简体繁体 English

从火花流写入kafka的最简单方法是什么

[英]What is the most simple way to write to kafka from spark stream

原文 2016-07-10 04:53:51 5 1 apache-spark/ apache-kafka/ spark-streaming

I would like to write to kafka from spark stream data.我想从火花流数据写入 kafka。 I know that I can use KafkaUtils to read from kafka.我知道我可以使用KafkaUtils从 kafka 读取。 But, KafkaUtils doesn't provide API to write to kafka.但是，KafkaUtils 不提供 API 来写入 kafka。

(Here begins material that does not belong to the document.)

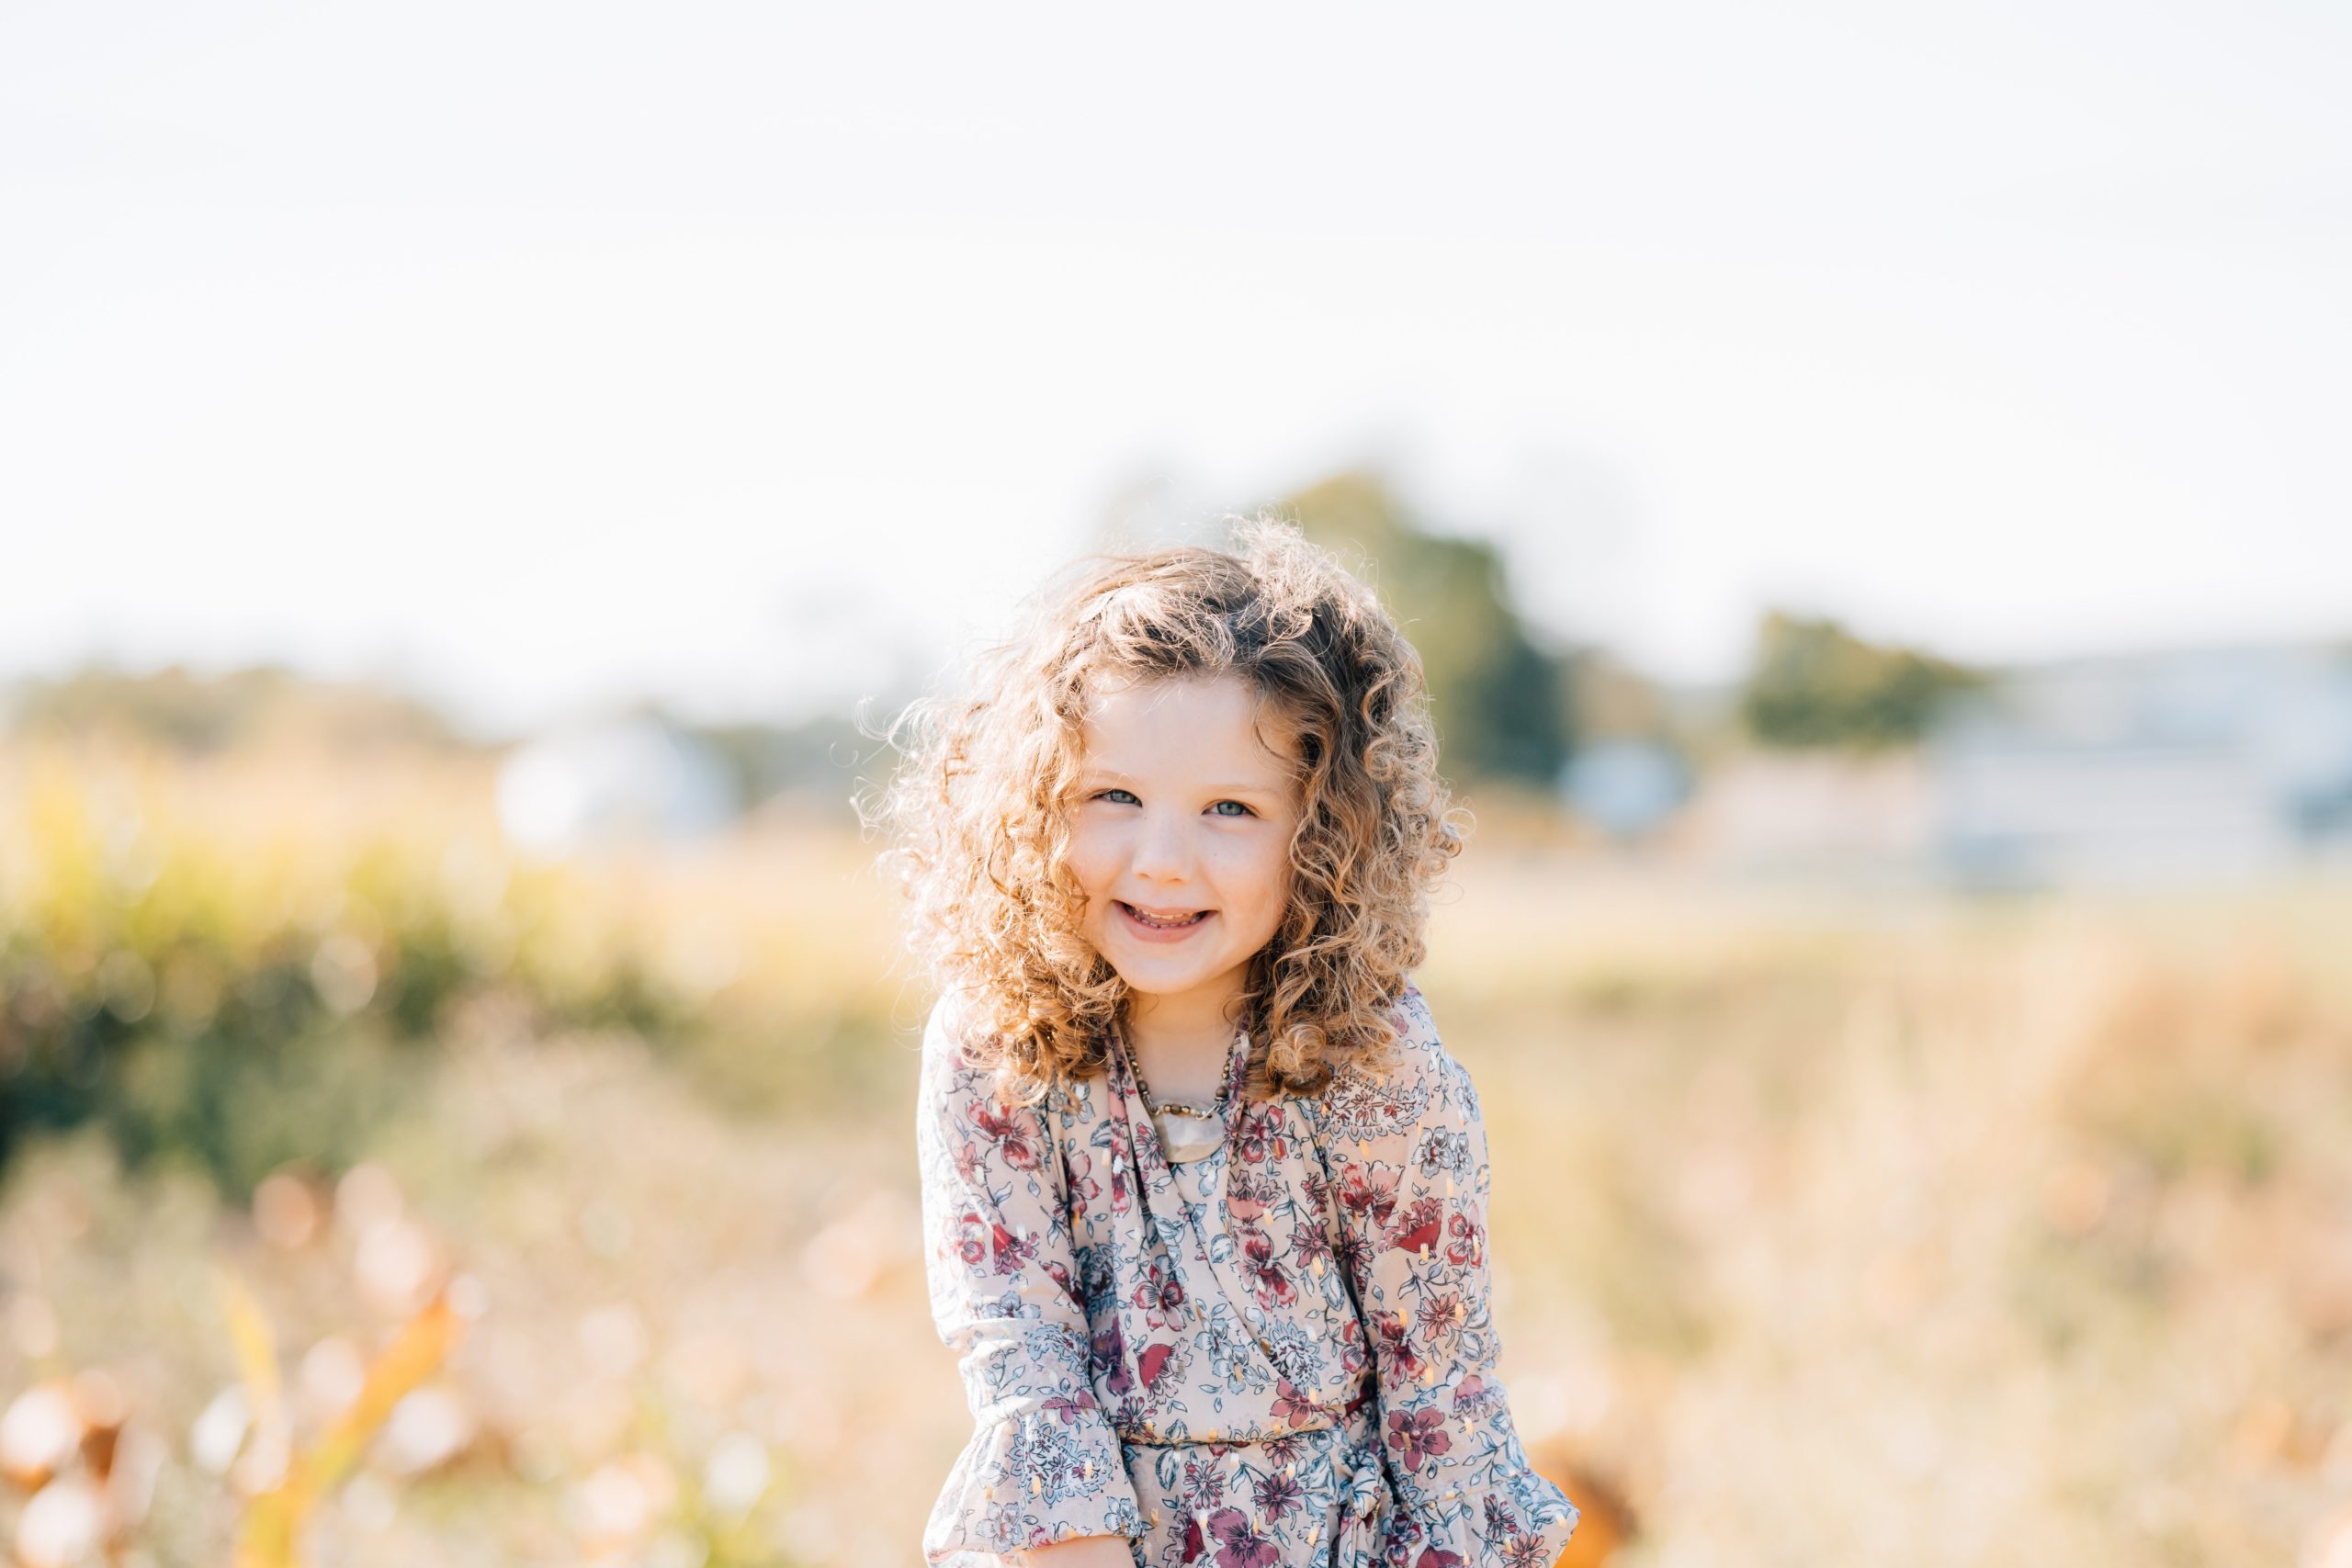 daughter poses individually in beautiful flower pattern fall dressduring at Pumpkin Junction at Everitt Farms in Flemington, NJ Ringoes, NJ with Motherhood and Family Photographer Anne Haug of Golden Heart Photography.

I checked past question and sample code .我检查了过去的问题和示例代码。

Is Above sample code the most simple way to write to kafka?以上示例代码是写入 kafka 的最简单方法吗？ If I adopt way like above sample, I must create many classes...如果我采用上述示例的方式，我必须创建许多类...

Do you know more simple way or library to help to write to kafka?你知道更简单的方法或库来帮助写入 kafka 吗？

1 个解决方案

Have a look here :看看这里：

Basically this blog post summarise your possibilities which are written in different variations in the link you provided.基本上，这篇博文总结了您提供的链接中以不同变体形式编写的可能性。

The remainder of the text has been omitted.